All the while, May kept an eye on her protégé. At the first sign of panic in the young woman’s eyes, even before there was a slight shake on the ground beneath her feet, May reacted. “Skye.” She coaxed the other woman to look at her. “Breathe.”

The calm yet authoritative tone May used somehow centered Skye. As she slowly took a long, cleansing breath, Skye felt the hot rush in her vein subside. She took another deep breath, then another one before it was completely gone – or, at least, at bay.

“Breathe,” the senior agent repeated as if breathing would help Skye solve her problems. Funnily enough, Skye noted vaguely, it did help a little.

May nodded approvingly when Skye continued to take deep breaths. She moved closer to the bed, adjust the inclination of the bed so that Skye was half sitting down, and lowered the railings on one side. She raised an eyebrow when Skye looked like she was going to protest that May sat on her bed. “Problem?”

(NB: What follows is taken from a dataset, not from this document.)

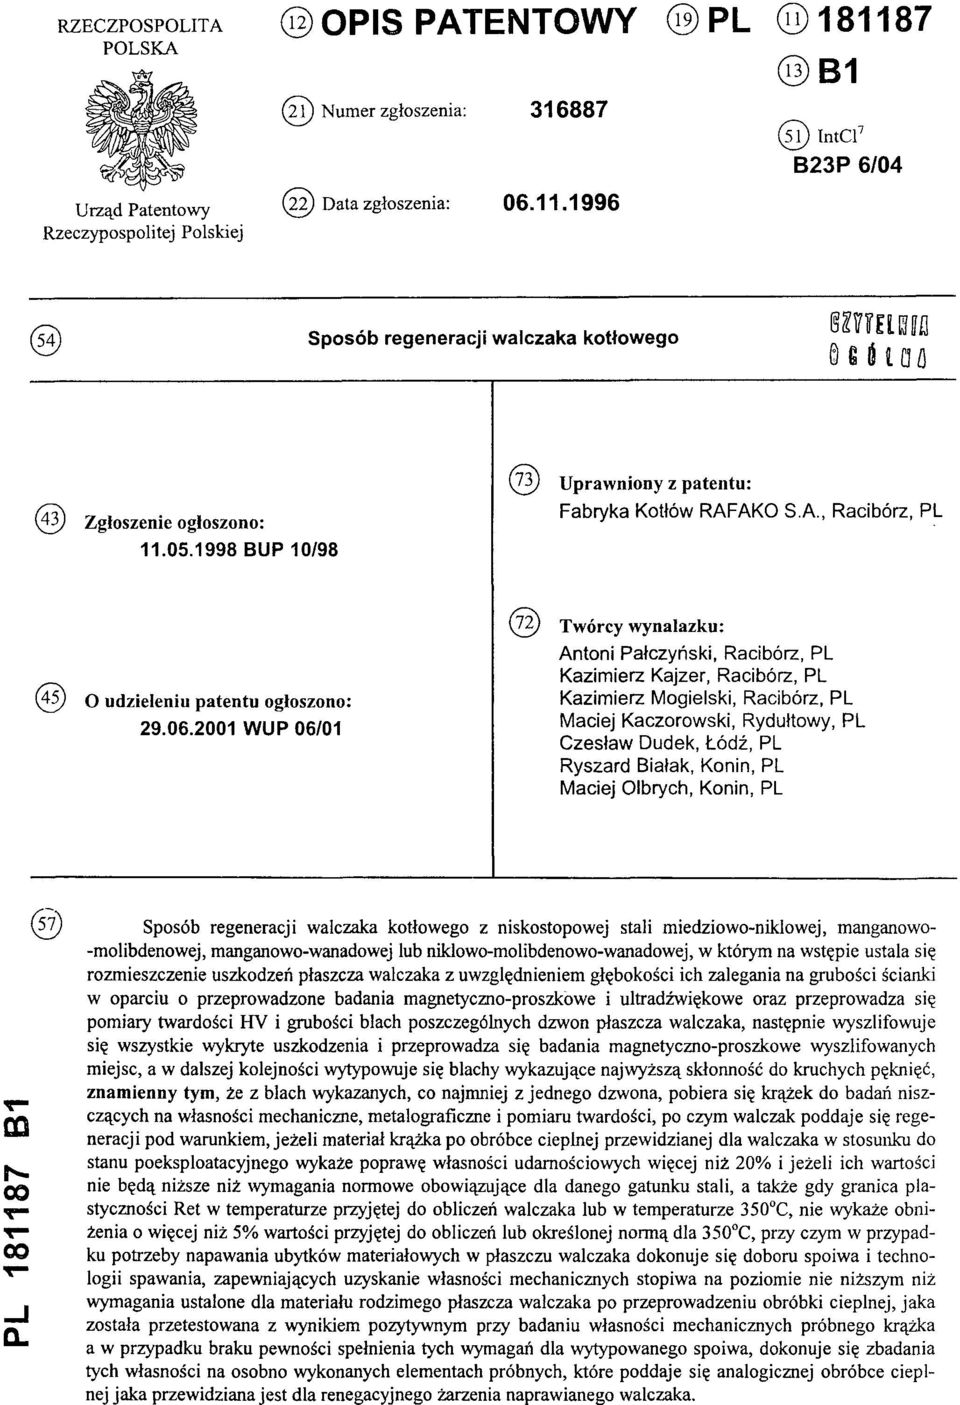 1998 BUP 10/98 (73) U praw niony z patentu: Fabryka Kotłów RAFAKO S.A., Racibórz, PL (45) O udzieleniu patentu ogłoszono: 29.06.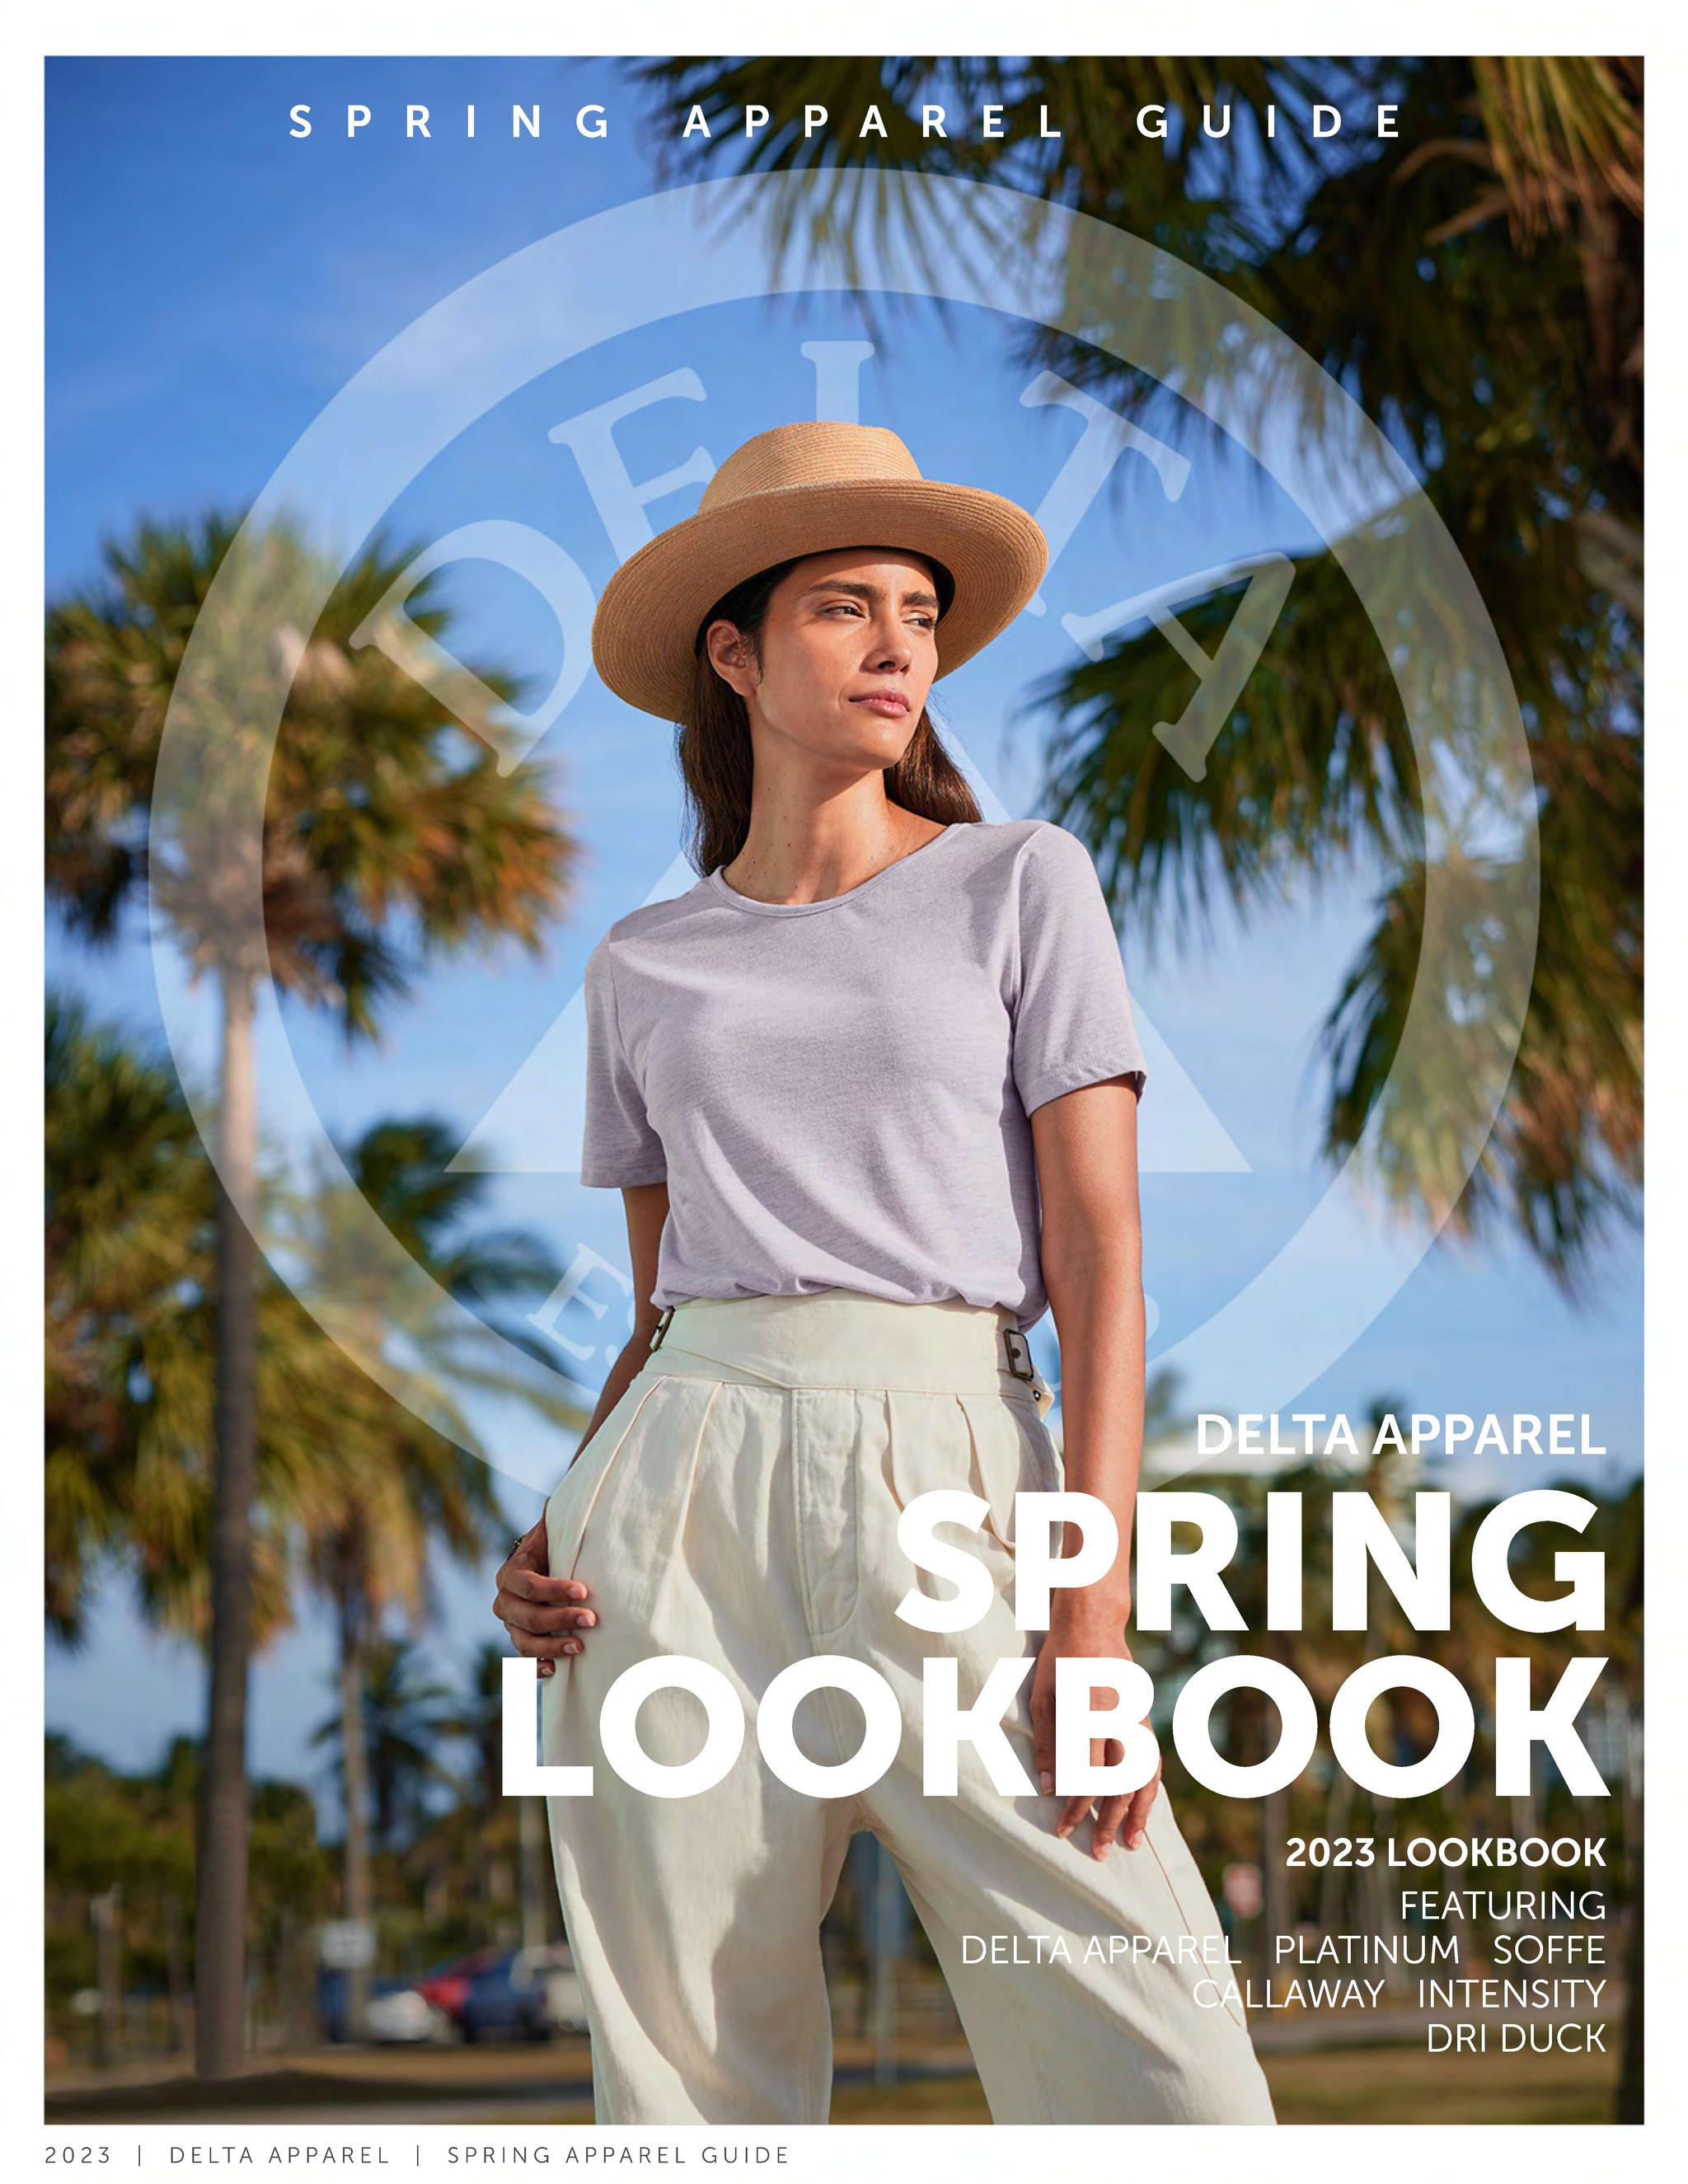 Spring Lookbook Guide

Skye blushed a little. “I… I don’t want to hurt you,” she admitted. It was a little… odd, to be able to speak to May again.

“Like you can,” May deadpanned. Skye could have sworn she saw a glint of mirth in her S.O.’s eyes, but it was gone in a flash.

Skye lowered her head. _The old me can’t_ , she thought sorrowfully, _this me - I'm not so sure_. She stared at her hands. She knew that something didn’t sit right with her – that something in her had changed ever since that day in the cave after she was wrapped in a cocoon of black matter; that she was no longer the same person. However, she couldn’t put her fingers on what had changed, on what she had become. Was she even still human? Or something else?

 “Skye, look at me,” May said, breaking the silence between them.

The younger woman lifted her head and leveled their eyes. Listening to May’s voice gave her a sense of normalcy – she’d become so used to following May’s order that she didn’t need to think to do just as told.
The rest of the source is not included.